I'm building a distributed crawling mechanism and want to make sure that no more than 30 requests are made to the server in one minute. Each enqued task makes a request.
All tasks are enqued in redis and are dequed using api provided by python-rq.
The approach is to set a key in redis that expires every minute, to hold the number of requests sent.
Each time a piece of work is available, check if requests sent < 30 - If no, then just sleep for a minute - If yes, then work
Following is my custom worker :
#!/usr/bin/env python
import sys
import time
from rq import Connection, Worker
from redis import Redis
redis = Redis()
def should_i_work():
r = redis.get('app:requests_sent_in_last_minute')
if r == None:
redis.setex('app:requests_sent_in_last_minute', 1, 60)
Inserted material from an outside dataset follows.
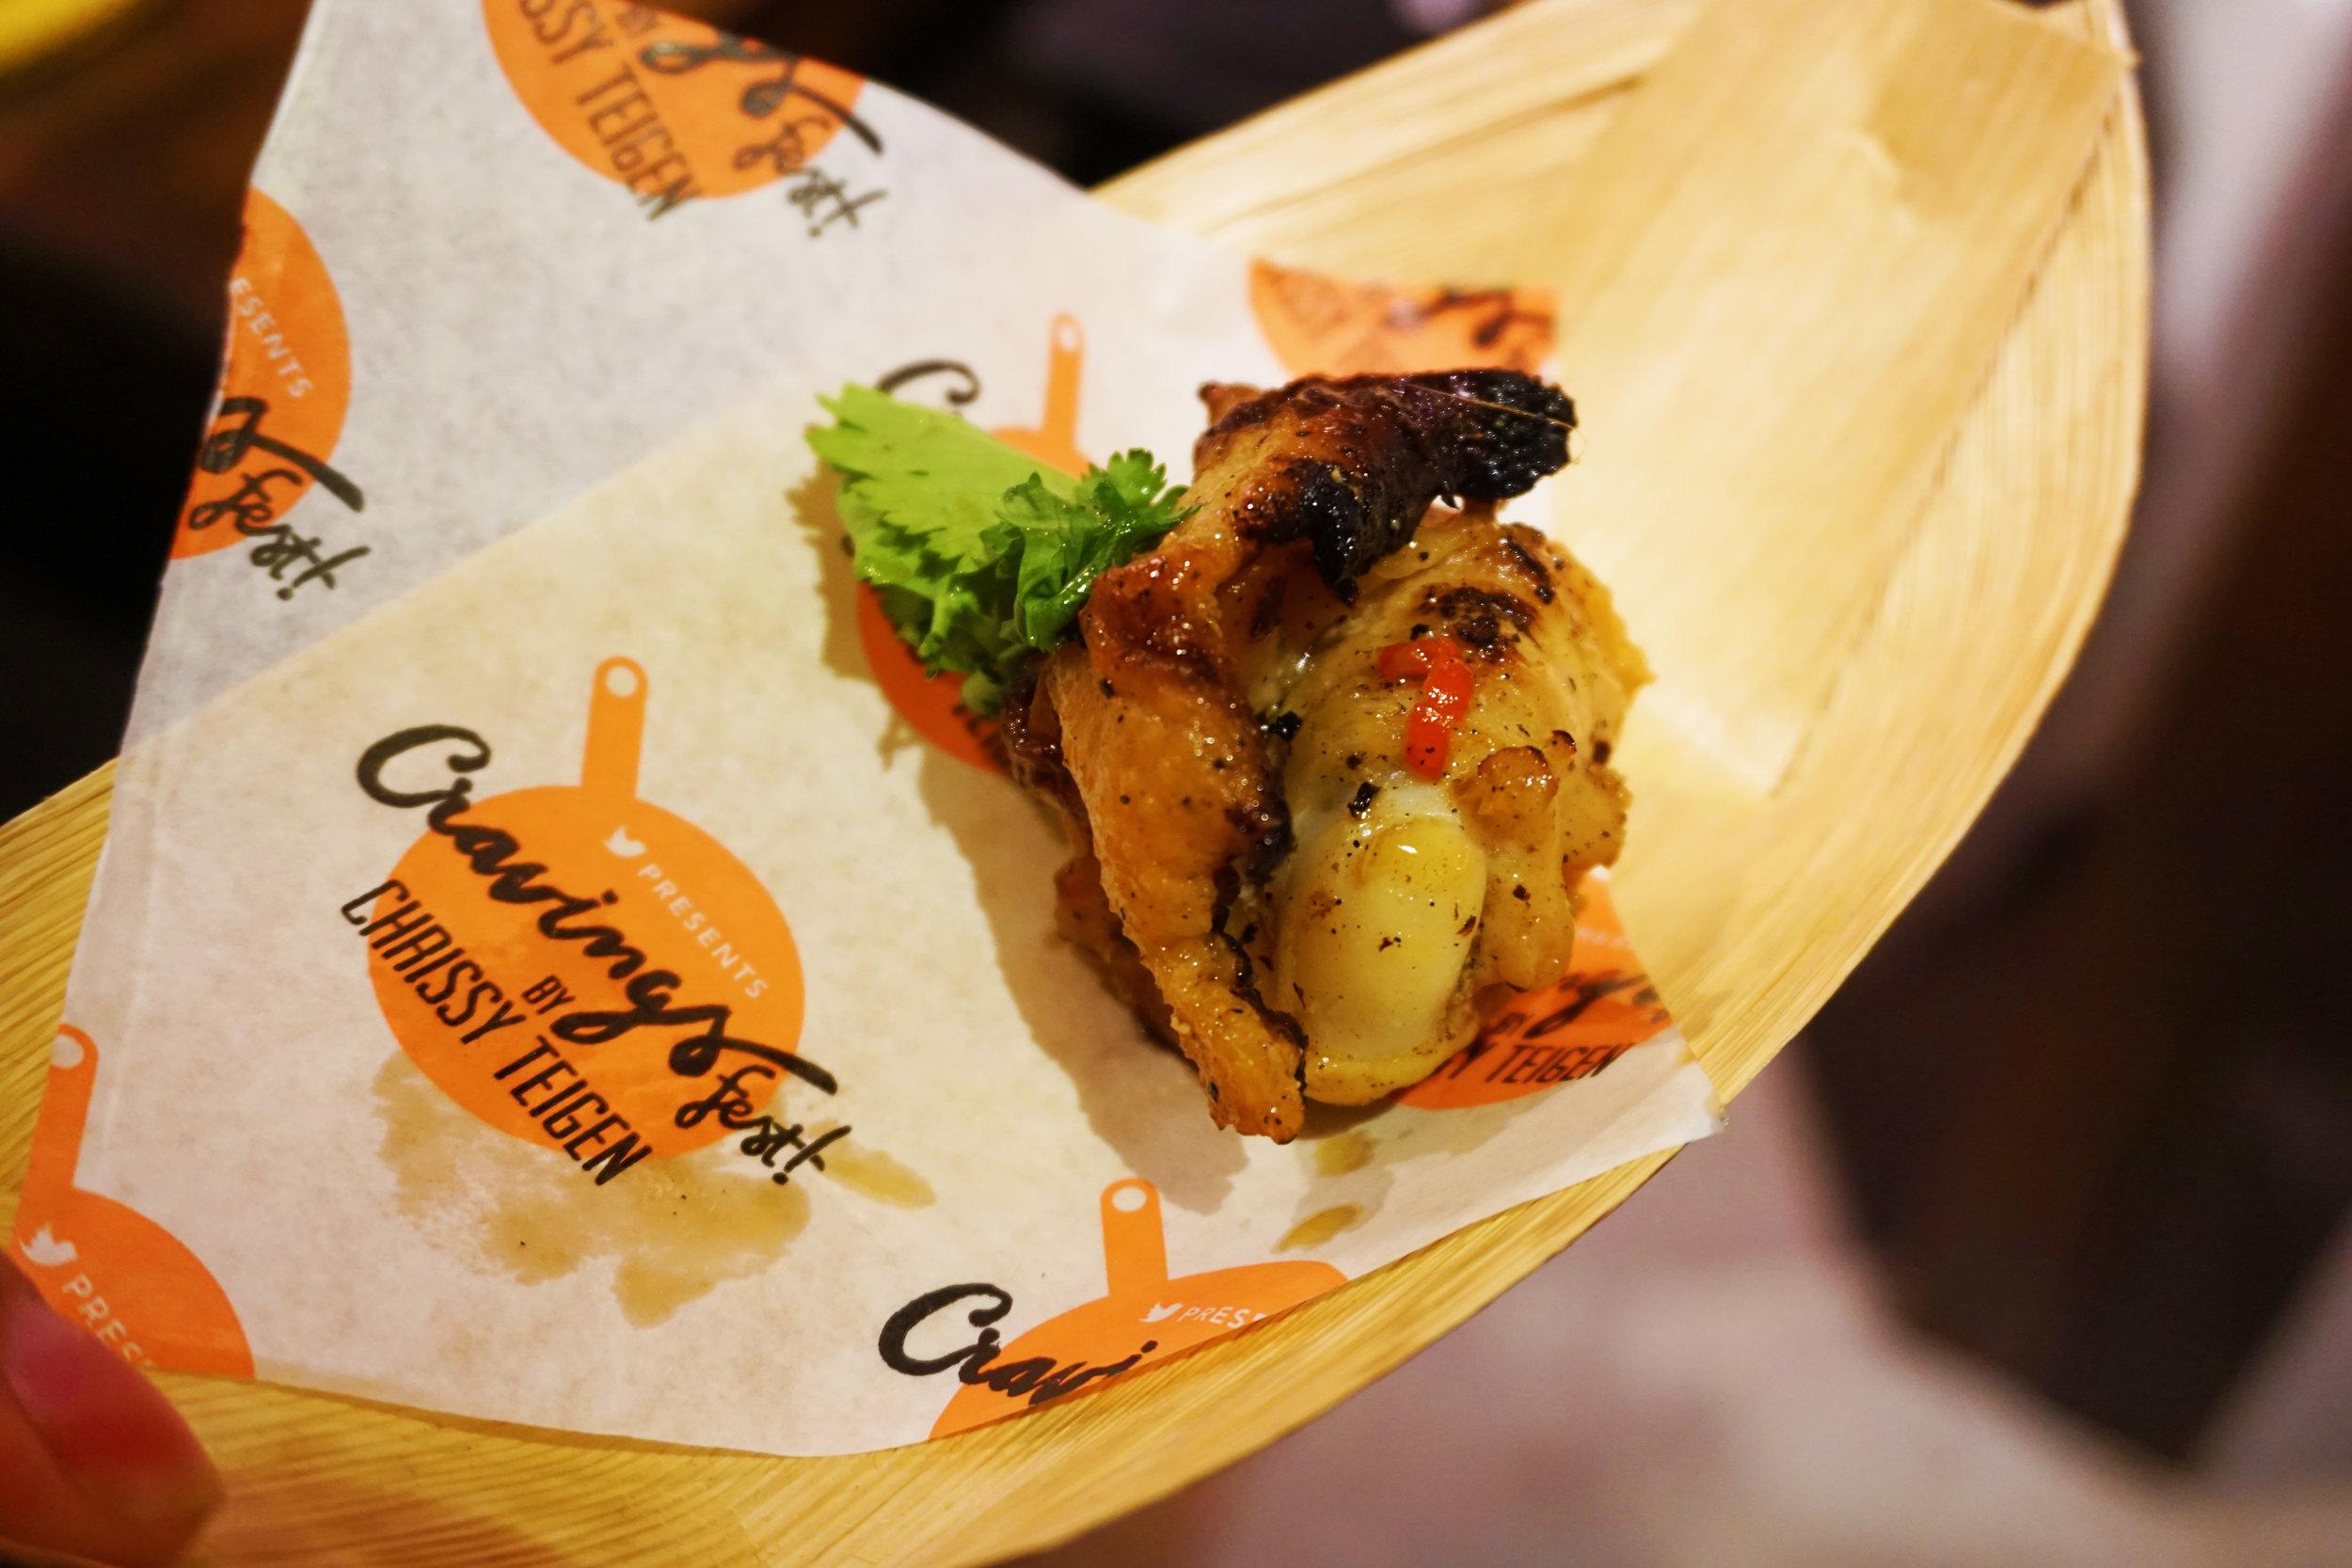 Thai-glazed chicken wing

return r == None or int(r) < 30
def increment_requests():
r = int(redis.get('app:requests_sent_in_last_minute'))
redis.set('app:requests_sent_in_last_minute', r+1)
def main(qs):
with Connection():
try:
while True:
if should_i_work():
increment_requests()
w = Worker(qs)
w.work()
else:
time.sleep(60)
except KeyboardInterrupt:
pass
if __name__ == '__main__':
qs = sys.argv[1:] or ['default']
main(qs)
This doesn't seem to work as the worker performs tasks despite of the number at its usual speed and also the value of the key being set is not updated beyond 3.
I have a strong feeling that my thought process is flawed. What am I doing wrong here ?
Thanks